Mrs. Sandhayes groped for her canes, and laboriously—with the first expression on her face that Abigail had seen of anything besides a vapid and condescending cheer—got herself to her feet. “I absolutely swore upon the Testament that I wouldn’t be late to Caroline Hartnell’s loo-party, and here I am forsworn and my immortal soul is in peril—I daresay the City Fathers would tell me, as much from playing loo on the Sabbath as for broken vows . . . Well, never mind. I have kept you”—she propped her cane against her pannier, extended her hand to grasp Abigail’s with strong warmth—“away from your family for an unconscienceable time, not to speak of making those poor lovely horses stand all this time in the cold street . . .”

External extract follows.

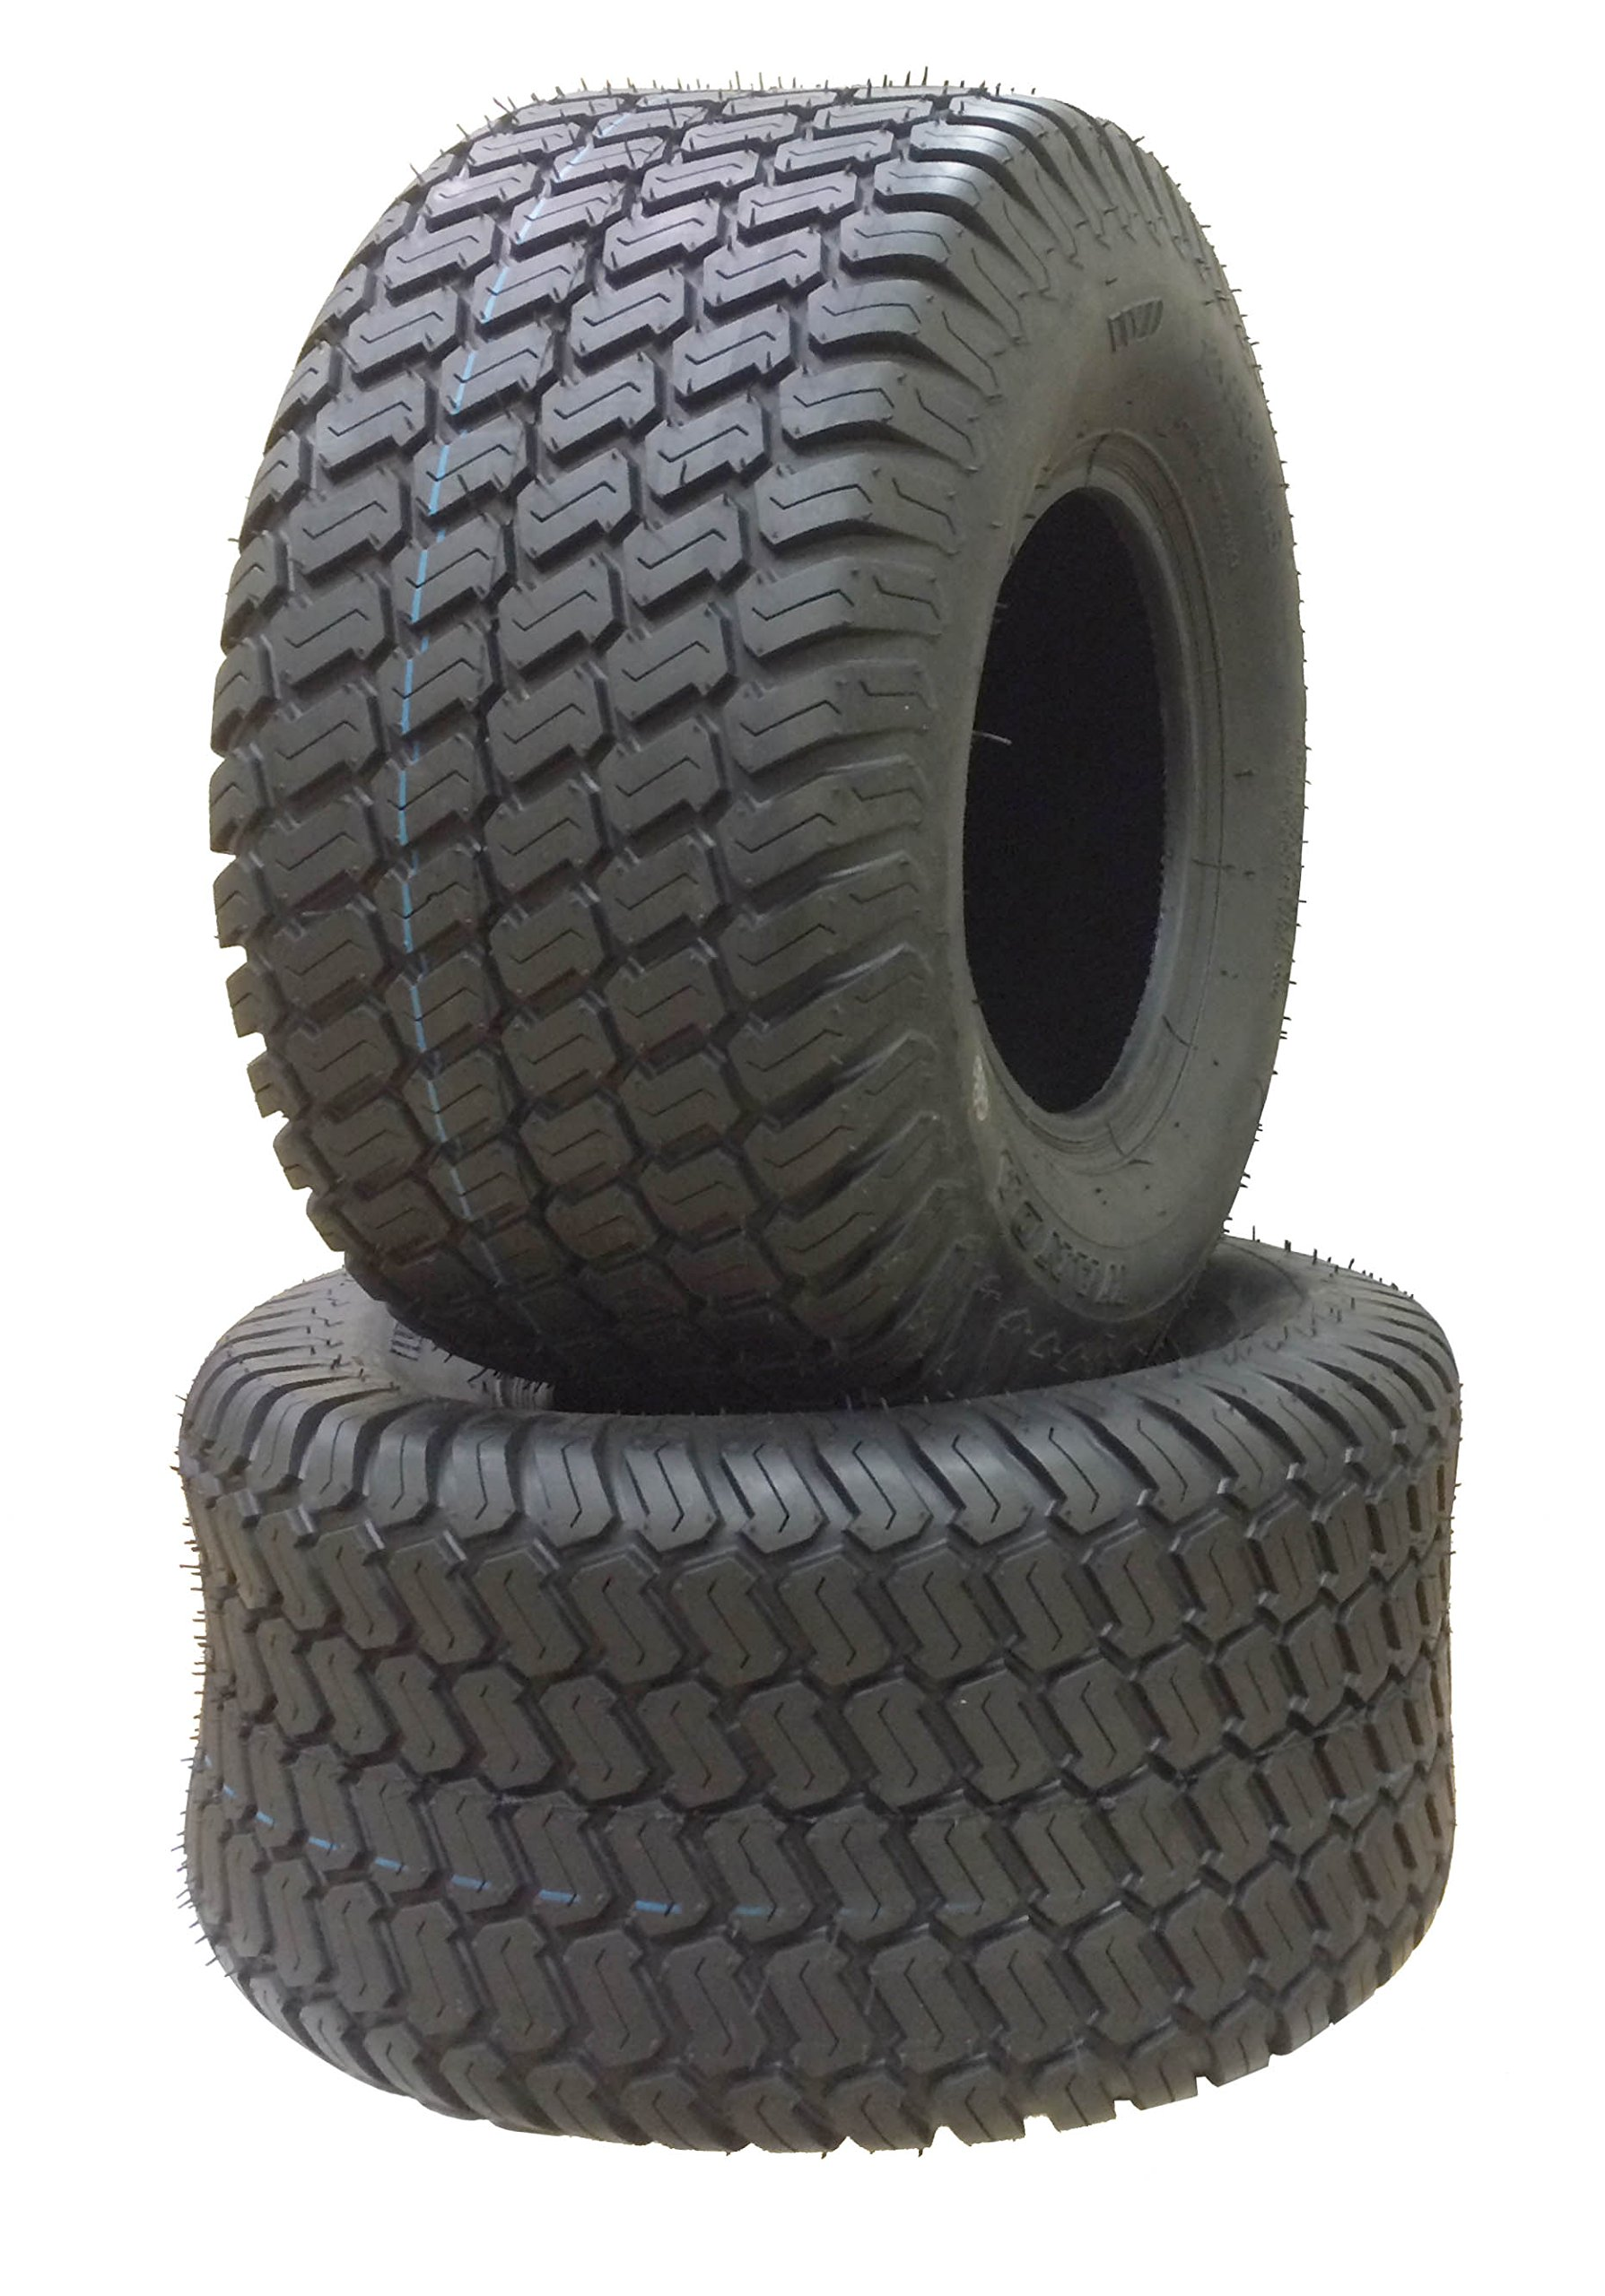 2 New 18x9.50-8 Lawn Mower Utility Cart Turf Tires P332 -13032 by Wanda

She hobbled with surprising swiftness along the hall, Pattie springing out of the kitchen to wrap her in the heavy velvet layers of her worn cloak. “Thank you so very much for the marmalade, Mrs. Adams—delicious! I dare swear I couldn’t make a marmalade myself if you held a gun on me! Well, I’m off to endanger my immortal soul at loo—Is it still the Sabbath? Or does it end at sunset here?”